WORK ORDER: Only the lines from the one containing "Målarbild Sokka, Aang och Katara" through the end of the material should be printed, exactly as they appear. Leave out pictures.

GIVEN INFORMATION:
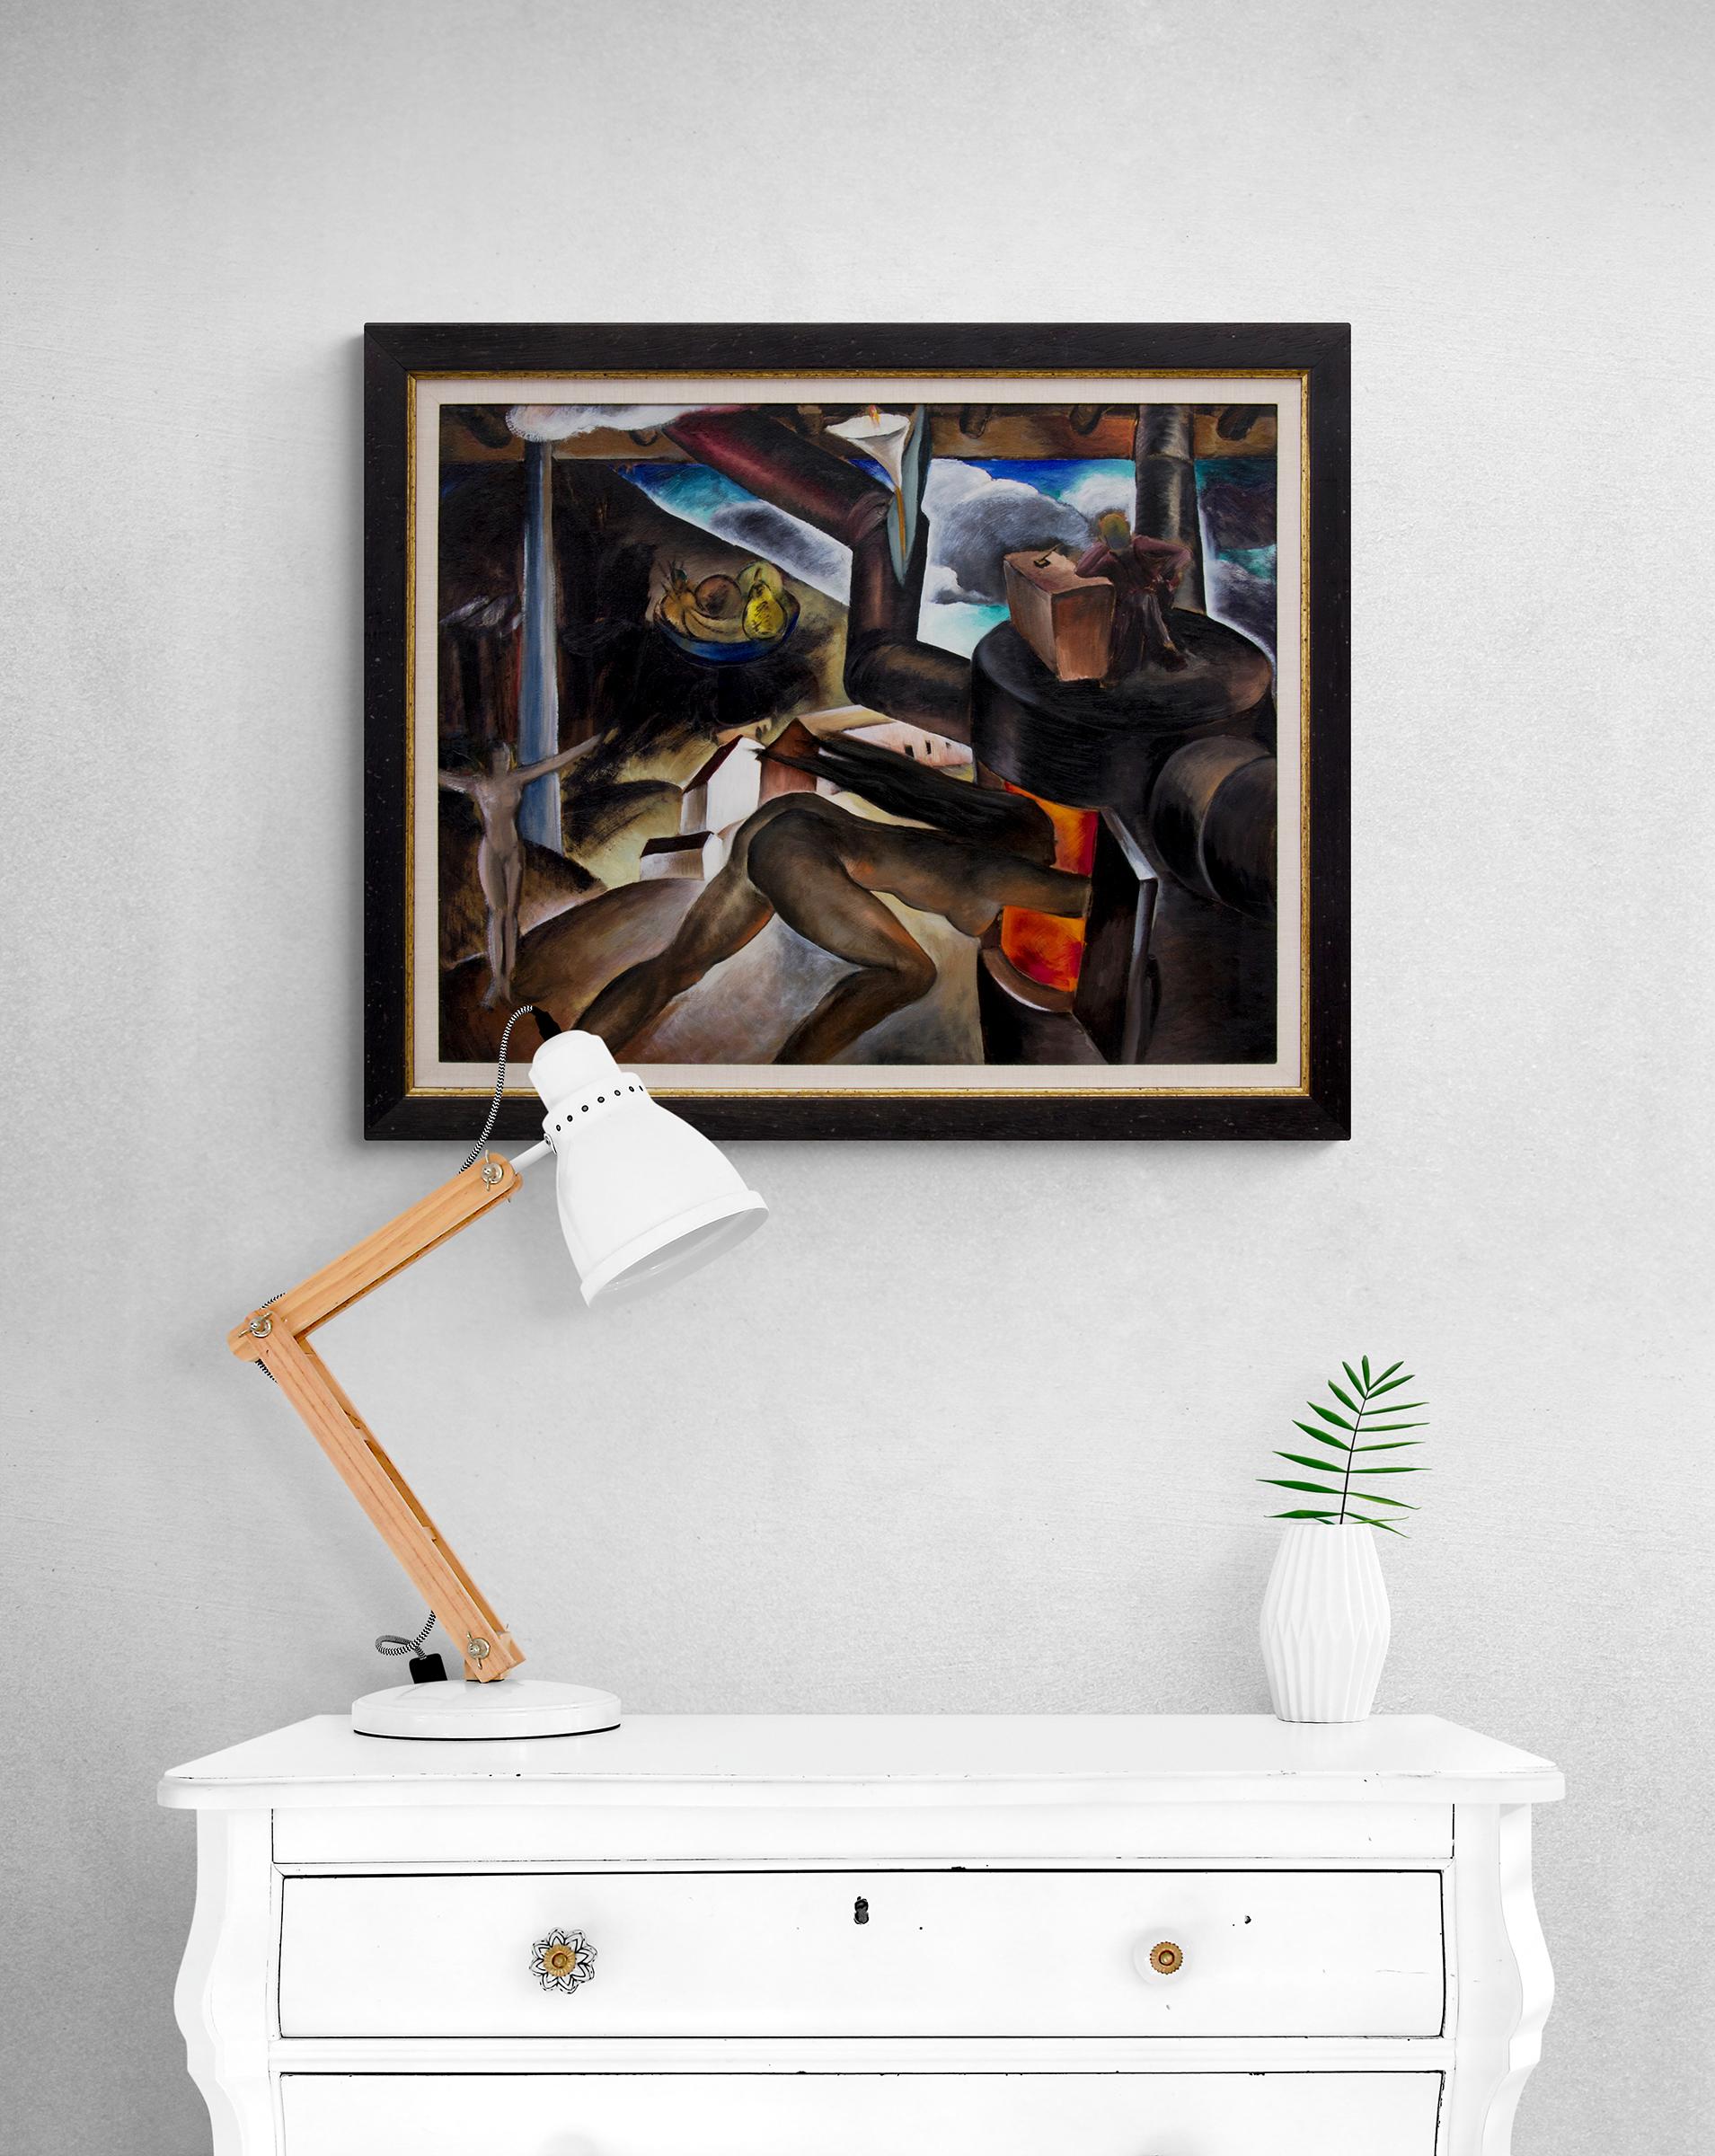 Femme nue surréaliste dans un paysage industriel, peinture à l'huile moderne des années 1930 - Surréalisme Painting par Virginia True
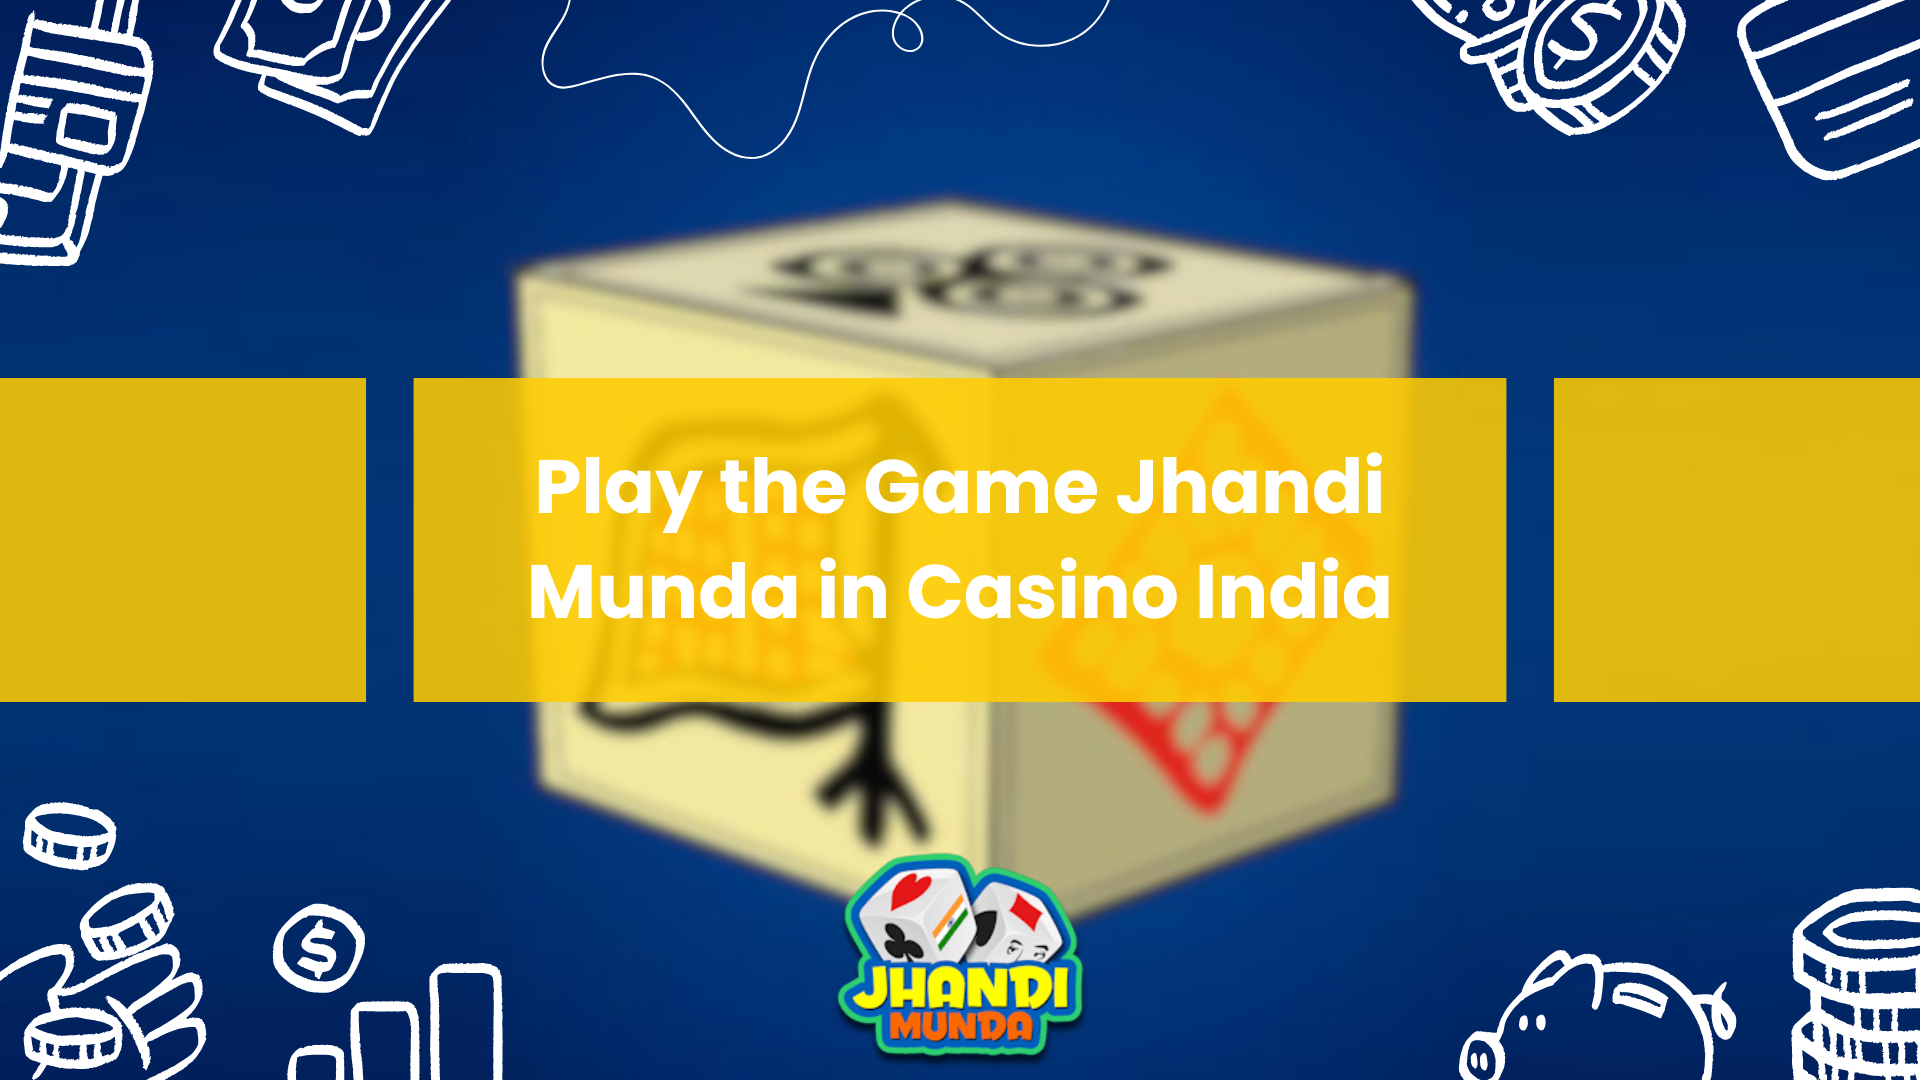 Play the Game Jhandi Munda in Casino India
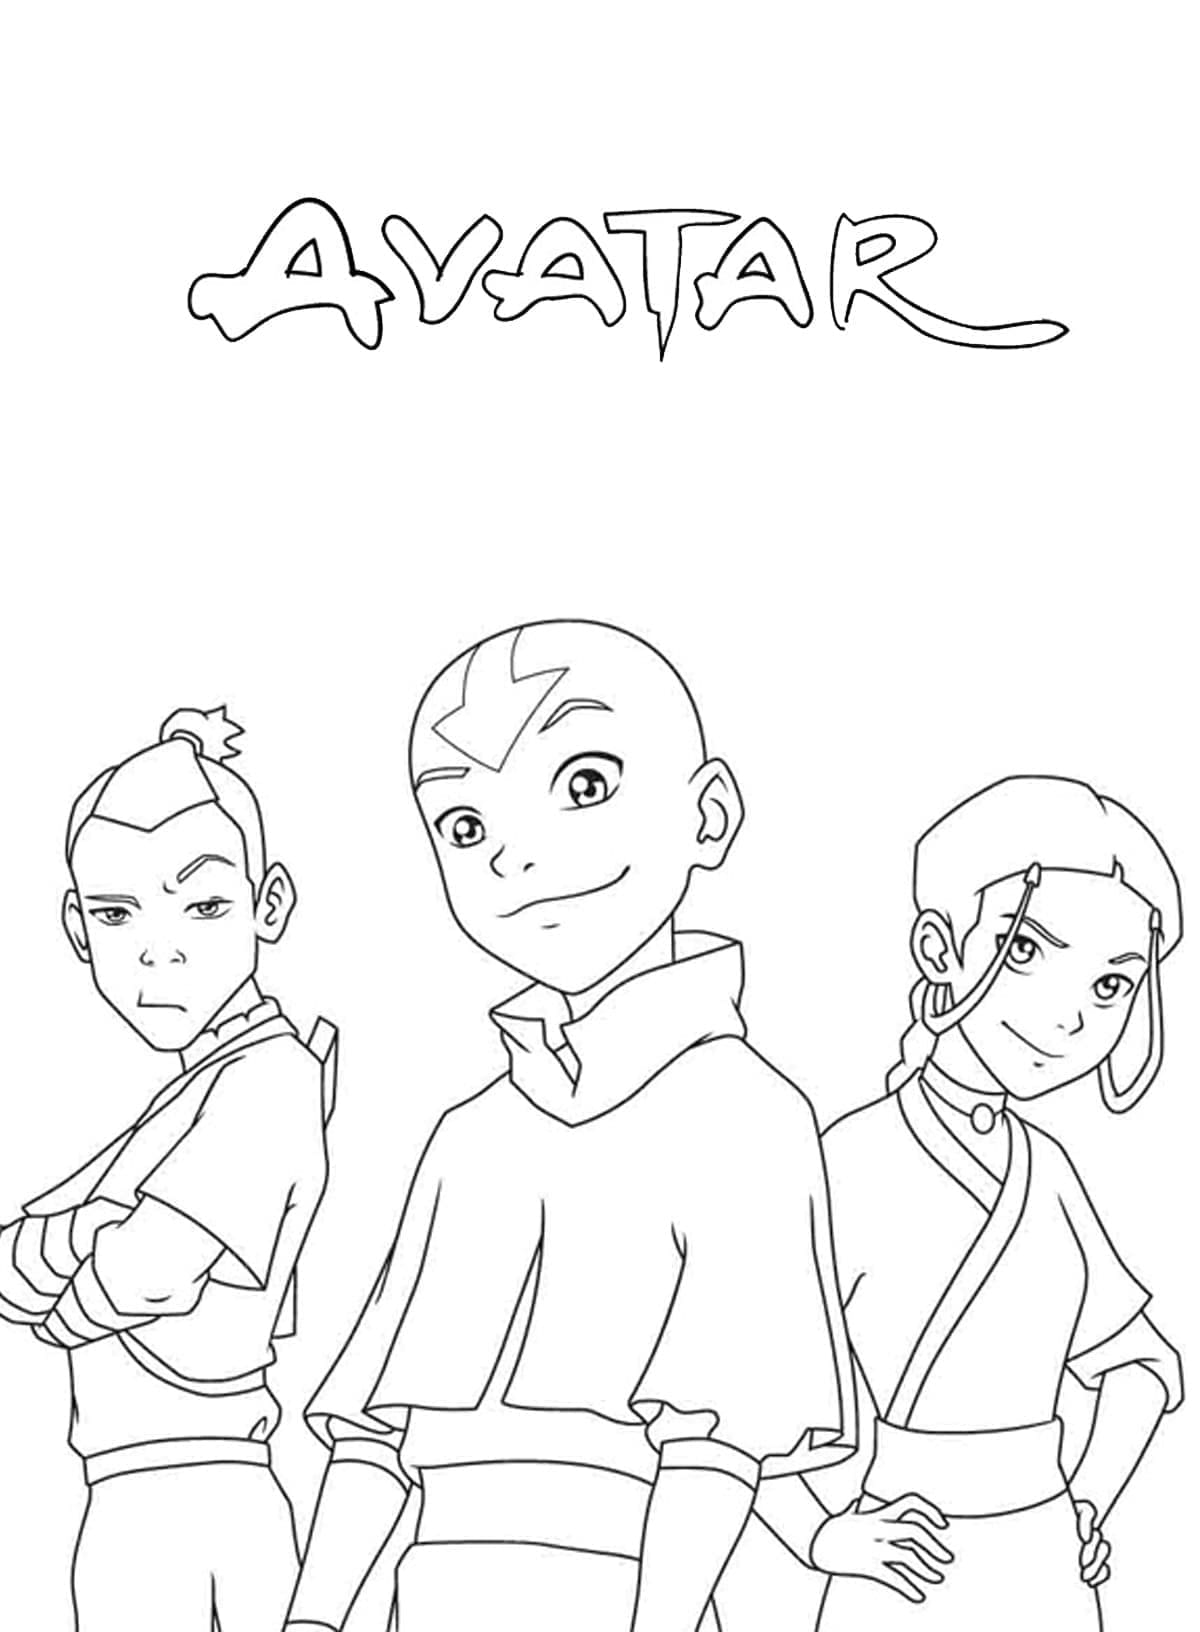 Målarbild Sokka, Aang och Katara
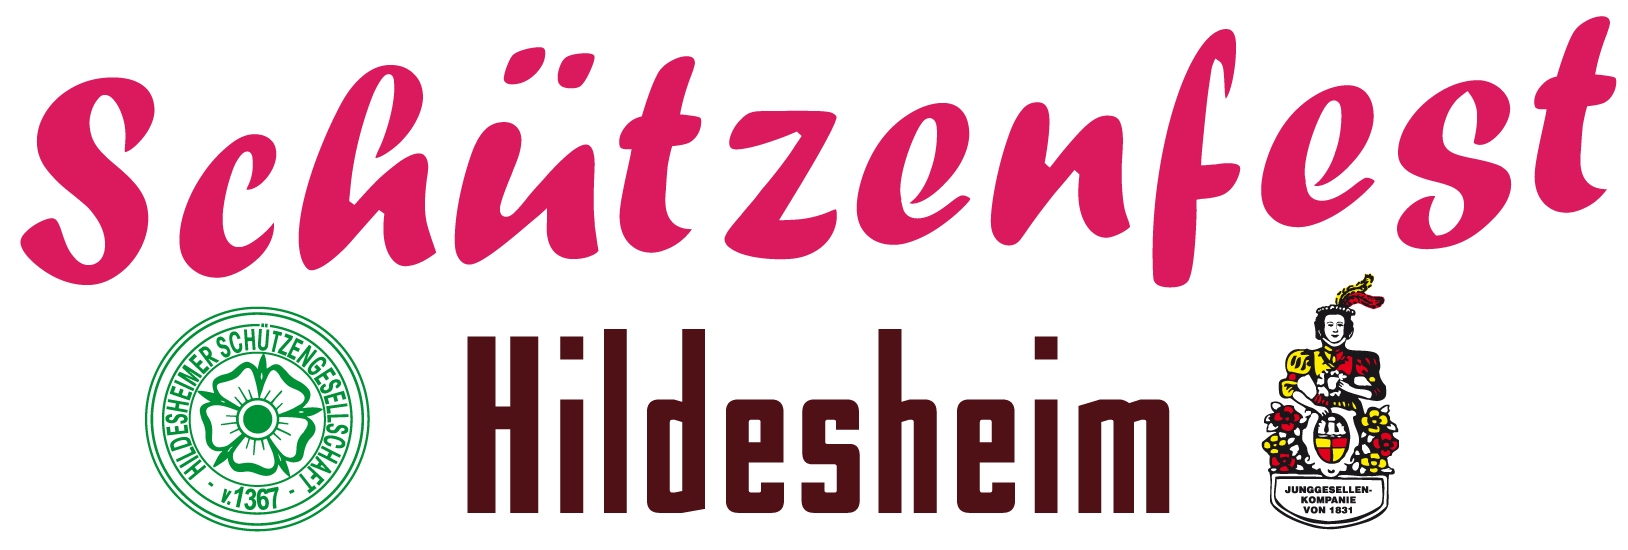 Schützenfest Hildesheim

TASK OUTPUT:
 Målarbild Sokka, Aang och Katara
 Schützenfest Hildesheim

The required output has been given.